# Fresh Pineapple - should I have avoided??



## yellowrose (May 22, 2007)

Hi
I am currently 11 days post EC, 9dpt. My test date is 9th July.

I had strong AF pains up until day 7dpt, which have since subsided. I realised I had eaten fresh pineapple on this day and the day before. Since then I have read how it can cause uterine contractions and is best avoided. I am now feeling really negative. Not sure if it has made a difference but coincides with my change in symptoms.

I don't usually eat it but it was on offer and I just fancied it!

Any thoughts?

Thank You
xx


----------



## ilovesnow (Apr 7, 2008)

A lot of women specifically eat the core in the 2ww to help implantation. You are supposed to discontinue eating it when you finish the 2ww though.


----------



## ☼♥ Minxy ♥☼ © (Jan 13, 2005)

Yellowrose....

...you only ate a small amount of fresh pineapple so to be honest, I'm sure you'll be perfectly fine so please don't feel negative. Whilst you should avoid eating fresh pineapple, you would have to eat a fair amount of it to cause any real problems. The cramping you experienced could well just be coincidence as lots women get AF like pain & symptoms during 2ww and for many its a good sign 

Lots of luck
Natasha 



Elle aka ilovesnow said:


> A lot of women specifically eat the core in the 2ww to help implantation. You are supposed to discontinue eating it when you finish the 2ww though.
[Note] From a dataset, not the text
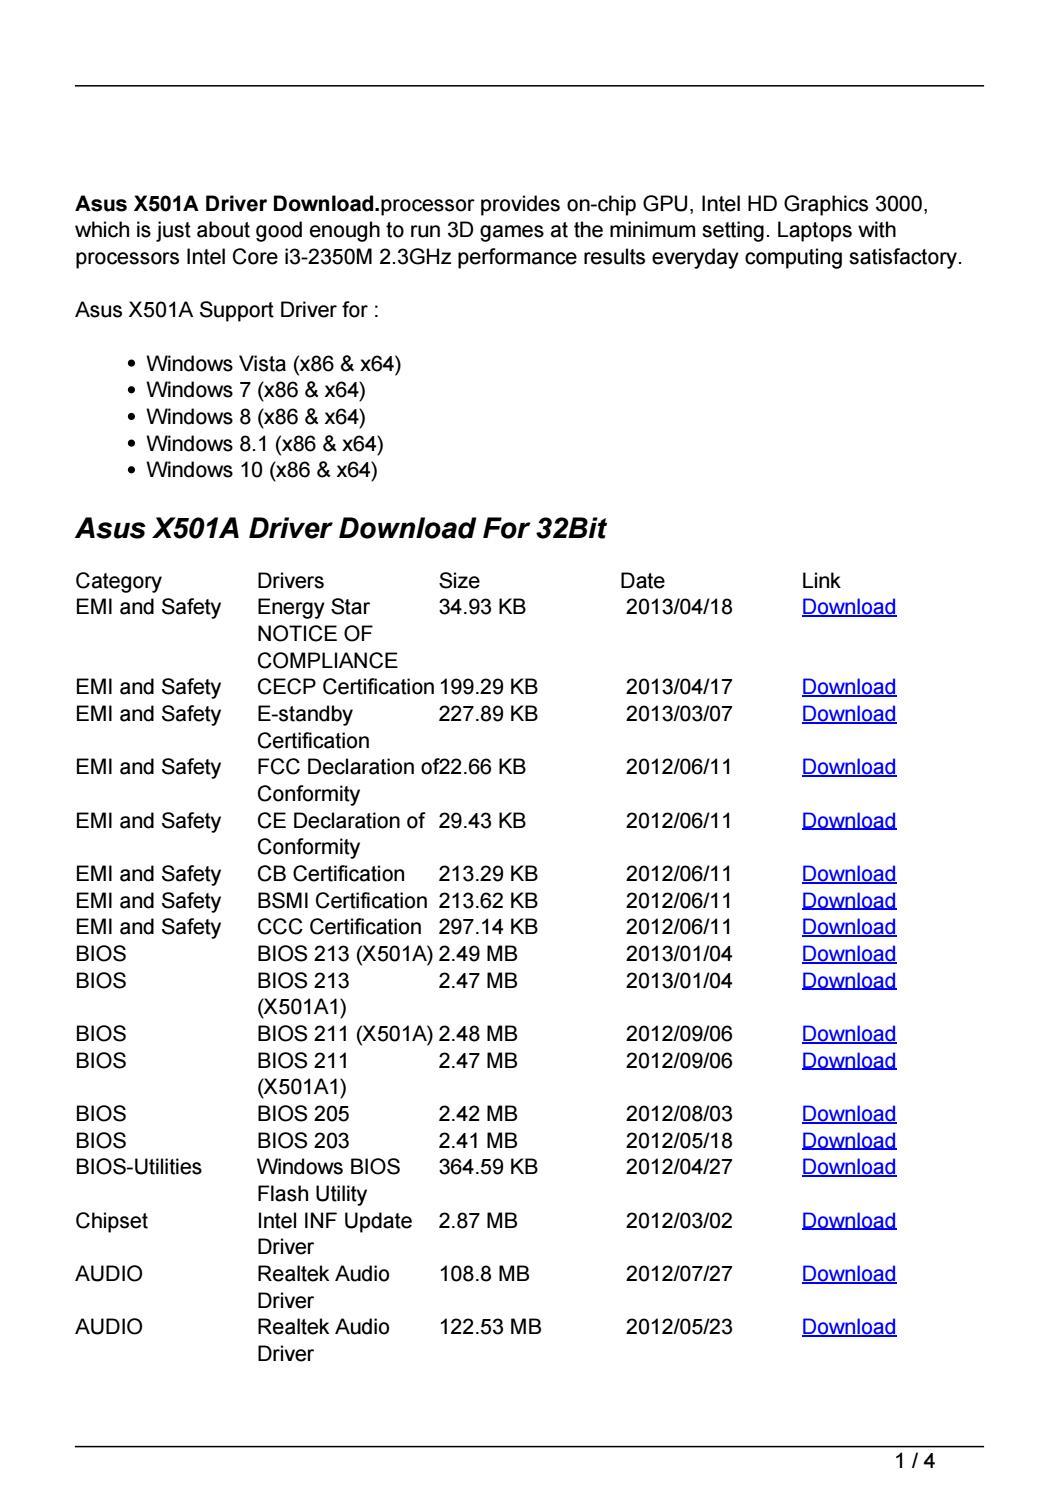 Asus X501A Notebook Intel Rapid Storage Technology 64 BIT Driver

Pineapple contains bromelain (specifically within the core) and this is contraindicated during pregnancy, which would include the 2ww as you should treat yourself as though you're pregnant during this time.....so ideally should avoid eating pineapple and especially the core !!

Drinking pineapple juice is ok....even during 2ww....and this is believed to aid implantation. This is because pineapple does contain selenium which can help promote a healthy womb lining. It also contains manganese which can be beneficial too. During the juicing process, the bromelain enzyme is destroyed.
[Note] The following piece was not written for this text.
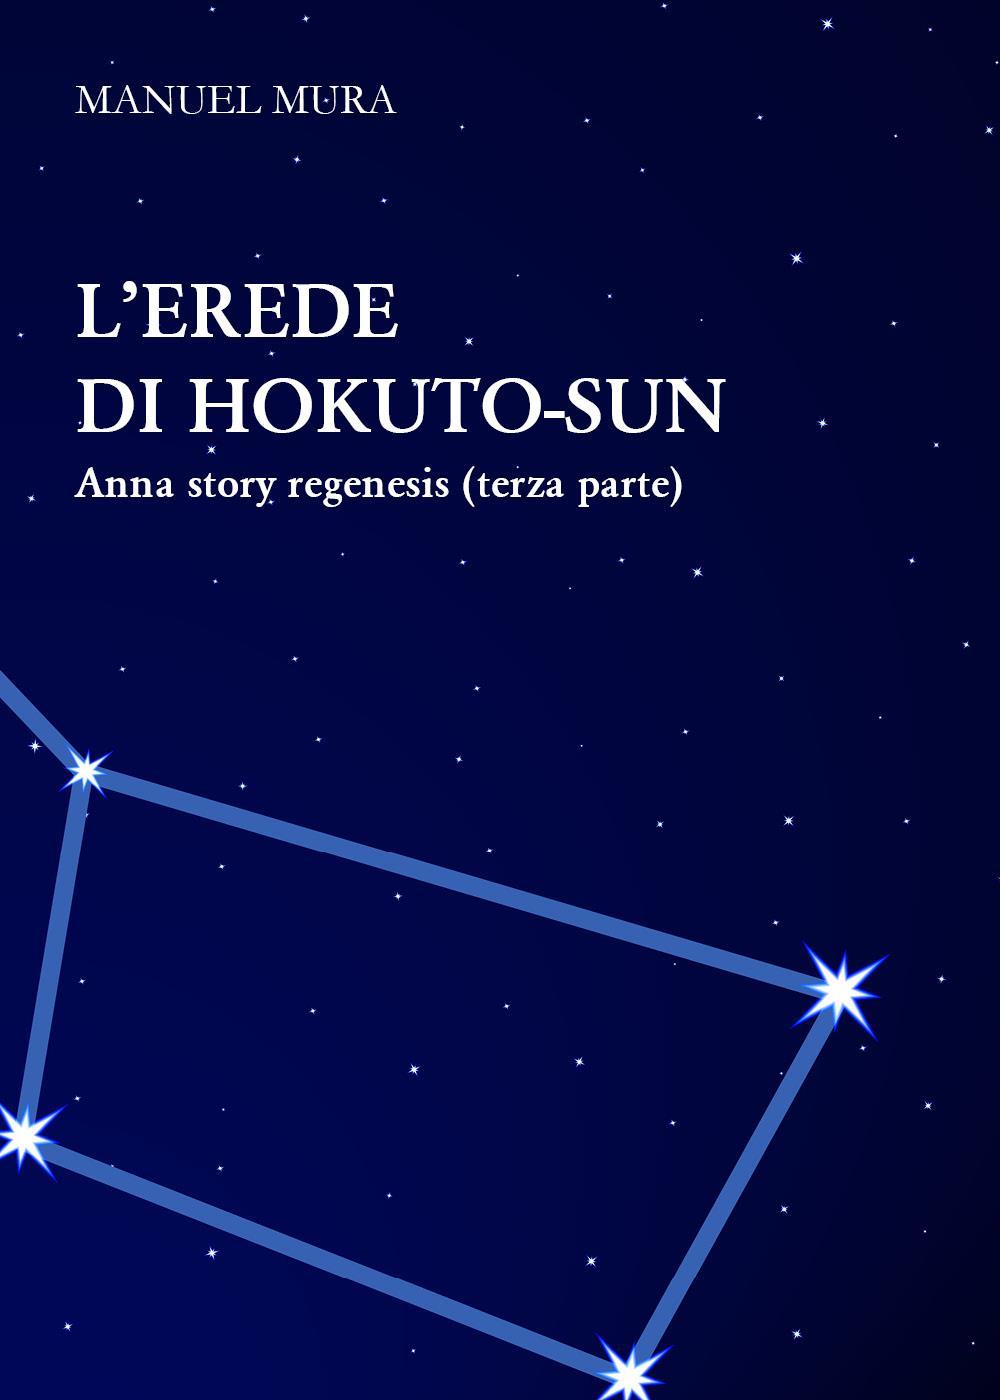 L'erede di Hokuto-Sun - Anna Story Regenesis terza parte

Here's just one thread I replied to recently...

http://www.fertilityfriends.co.uk/forum/index.php?topic=145910.0

but you'll find loads more.....including information in a "sticky" thread at top of this 2ww board called "2ww ~ Frequently Asked Questions"....
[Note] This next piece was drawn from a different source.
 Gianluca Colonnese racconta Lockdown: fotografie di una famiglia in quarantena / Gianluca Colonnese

http://www.fertilityfriends.co.uk/forum/index.php?topic=87948.0

Take care
Natasha


----------



## ilovesnow (Apr 7, 2008)

♥ Minxy ♥ said:


> Elle aka ilovesnow said:
> 
> 
> > A lot of women specifically eat the core in the 2ww to help implantation. You are supposed to discontinue eating it when you finish the 2ww though.
> ...


I know the theory. But many women *believe* Bromelain aids implantation and that belief has come from somewhere. It may/may not be true but it doesn't mean that women should be frightened of eating pineapple because they _*might*_ be pregnant. *Be sensible* is what I believe! If you fancy a bit of pineapple on your 2ww then eat it. Seems you can wrap yourself up in cotton wool during the 2ww and it still doesn't guarantee a successful pregnancy!


----------



## ☼♥ Minxy ♥☼ © (Jan 13, 2005)

Elle aka ilovesnow said:


> ♥ Minxy ♥ said:
> 
> 
> > Elle aka ilovesnow said:
> ...


Which is exactly why I suggested to Yellowrose that she shouldn't worry as she'd only eaten a little fresh pineapple & she'd have to eat lots for it to cause real problems.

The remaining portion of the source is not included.